### YOUR GOAL
Return the data exactly, with all pictures removed.

### DATA EXCERPT
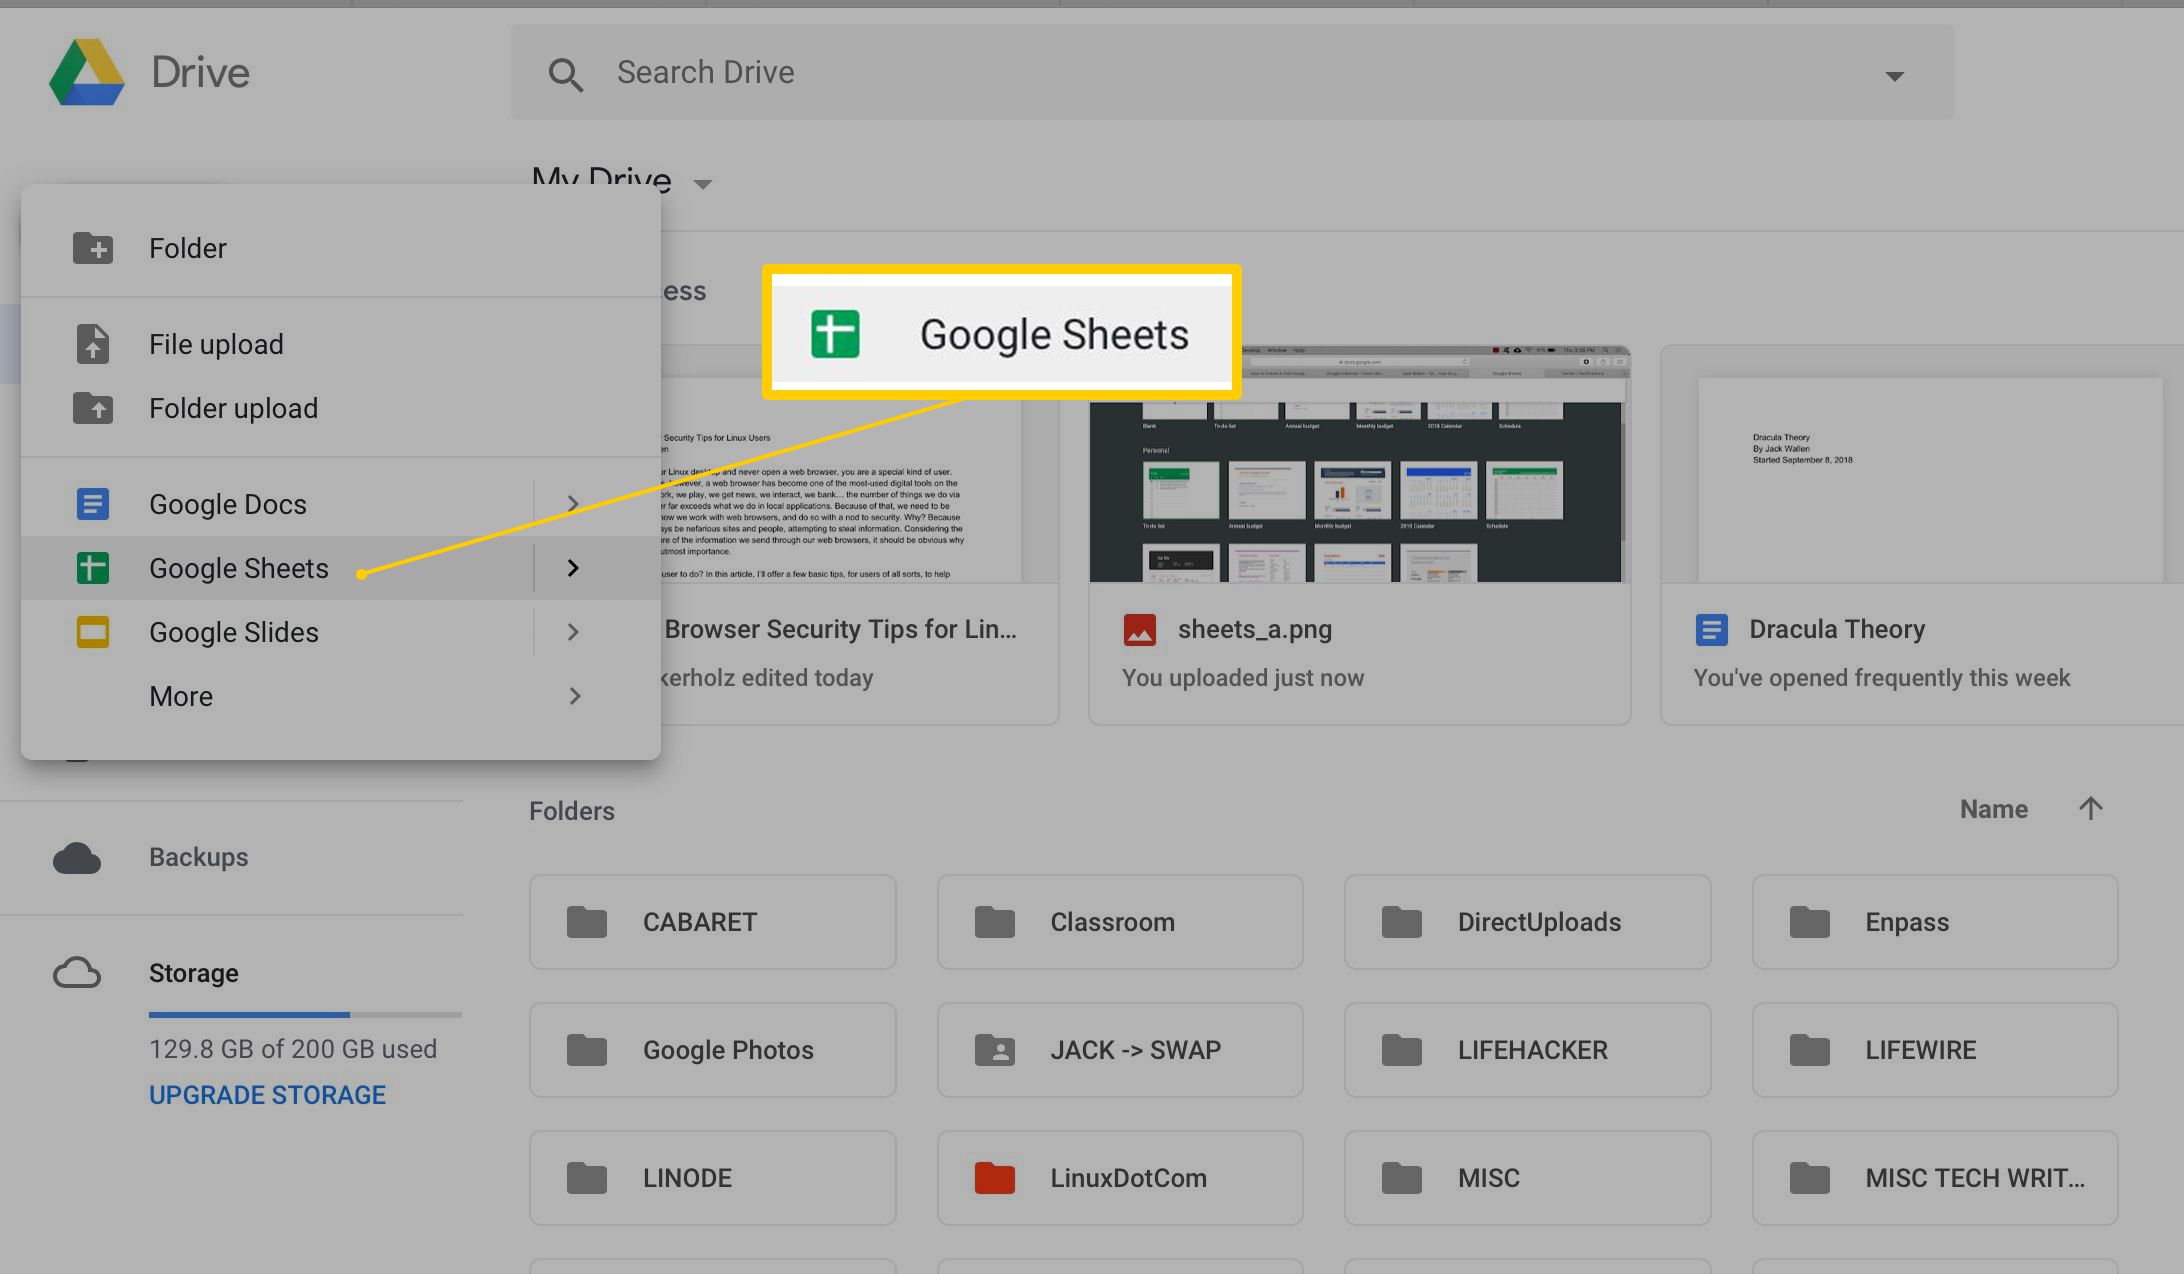 Nytt Google Sheet-menyalternativ i Google Drive
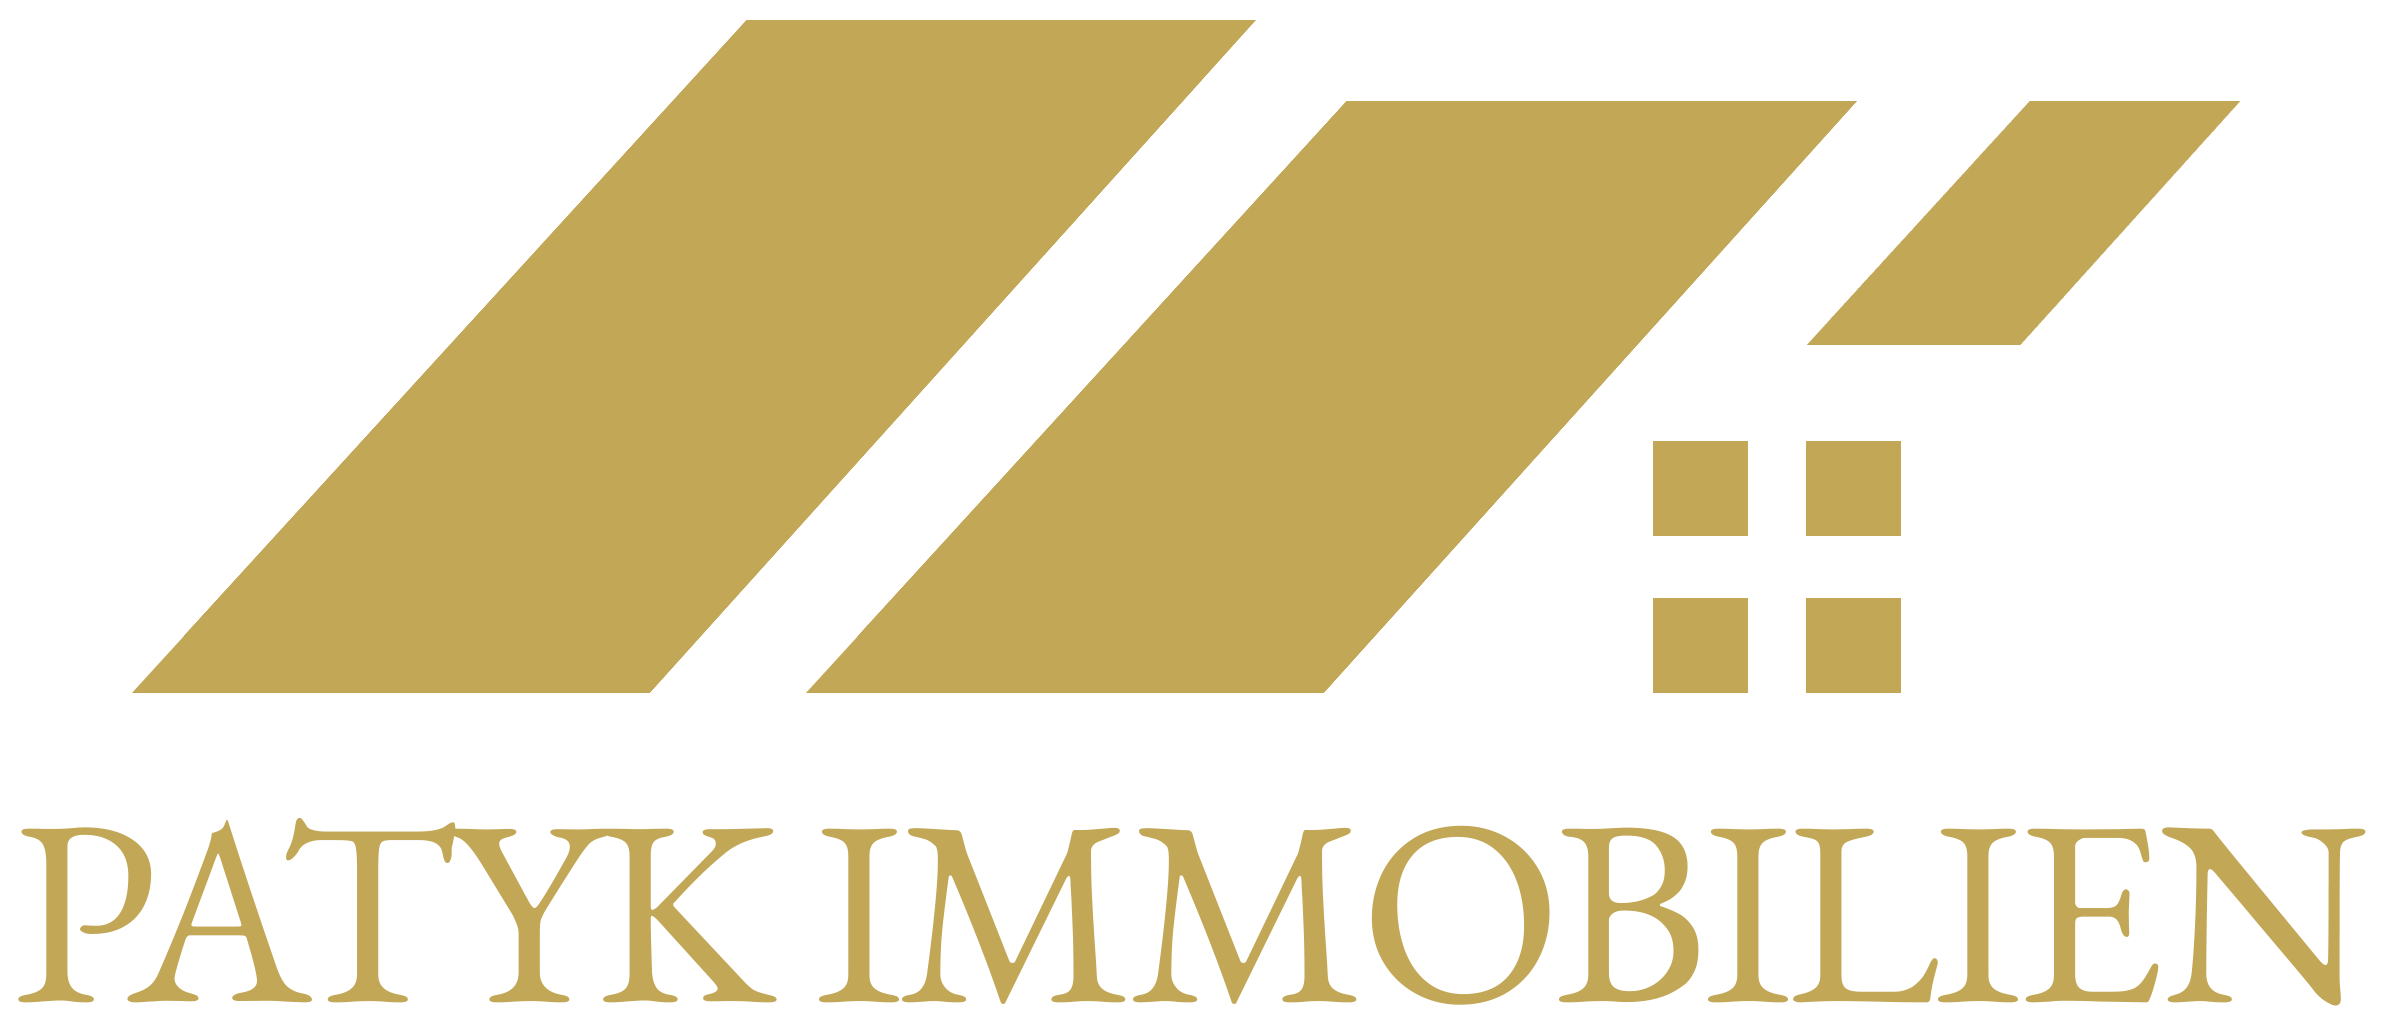 Logo_Patyk_immobilien_gold
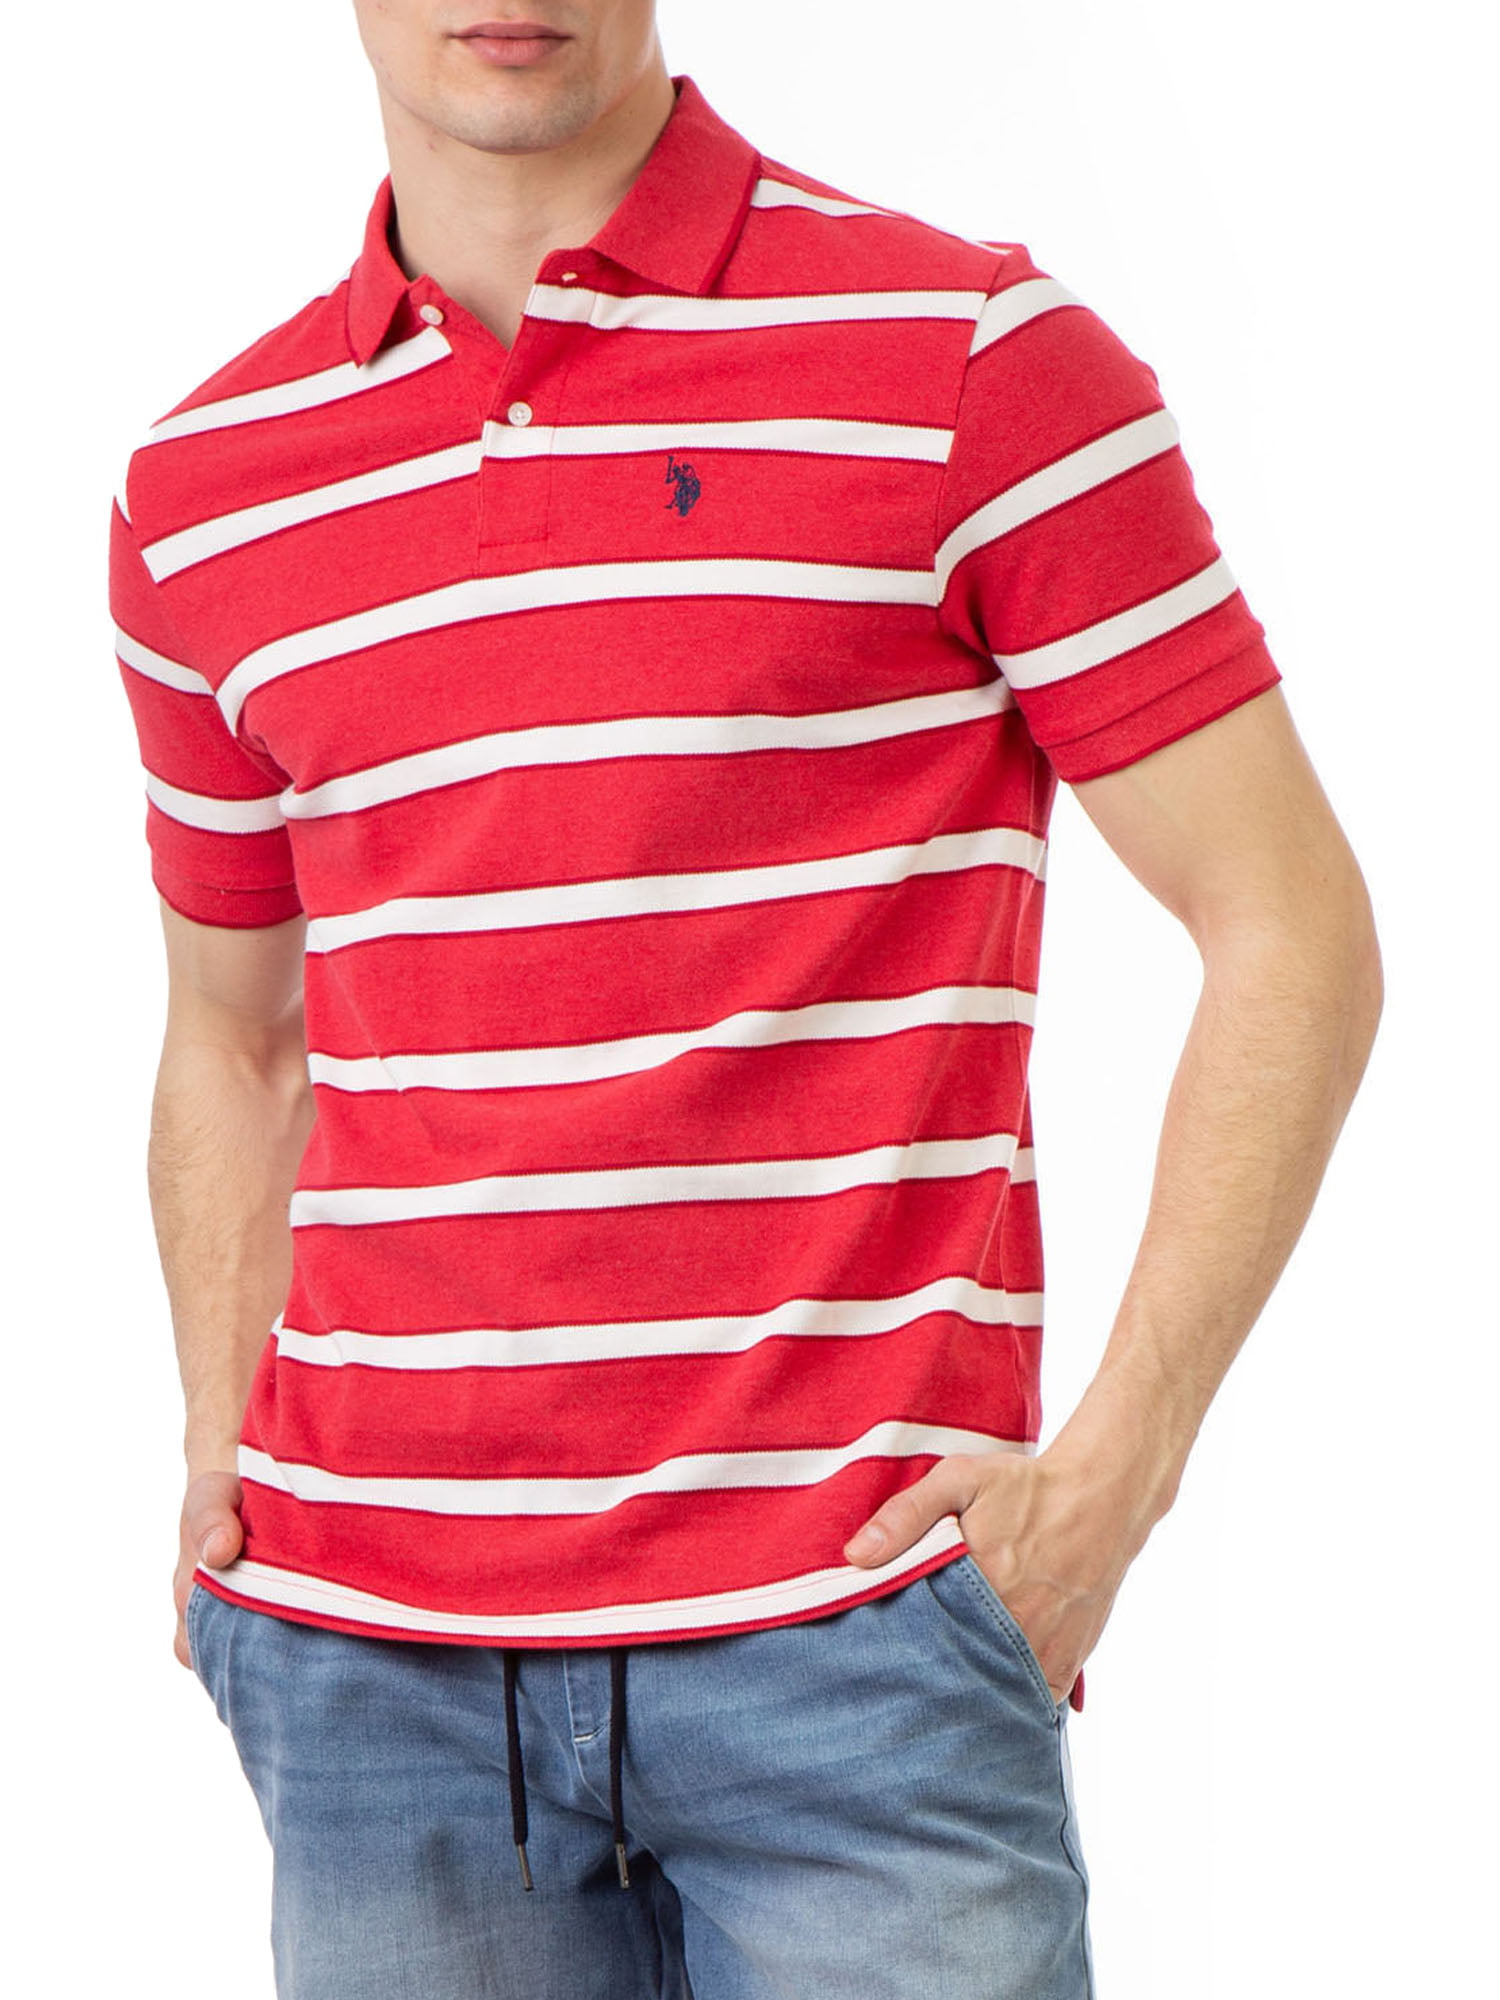 Mens Polo Striped T Shirt Short Sleeve Pique Shirt Premium  Summer Top M-XXL New

### OUTPUT BELOW
 Nytt Google Sheet-menyalternativ i Google Drive
 Logo_Patyk_immobilien_gold
 Mens Polo Striped T Shirt Short Sleeve Pique Shirt Premium  Summer Top M-XXL New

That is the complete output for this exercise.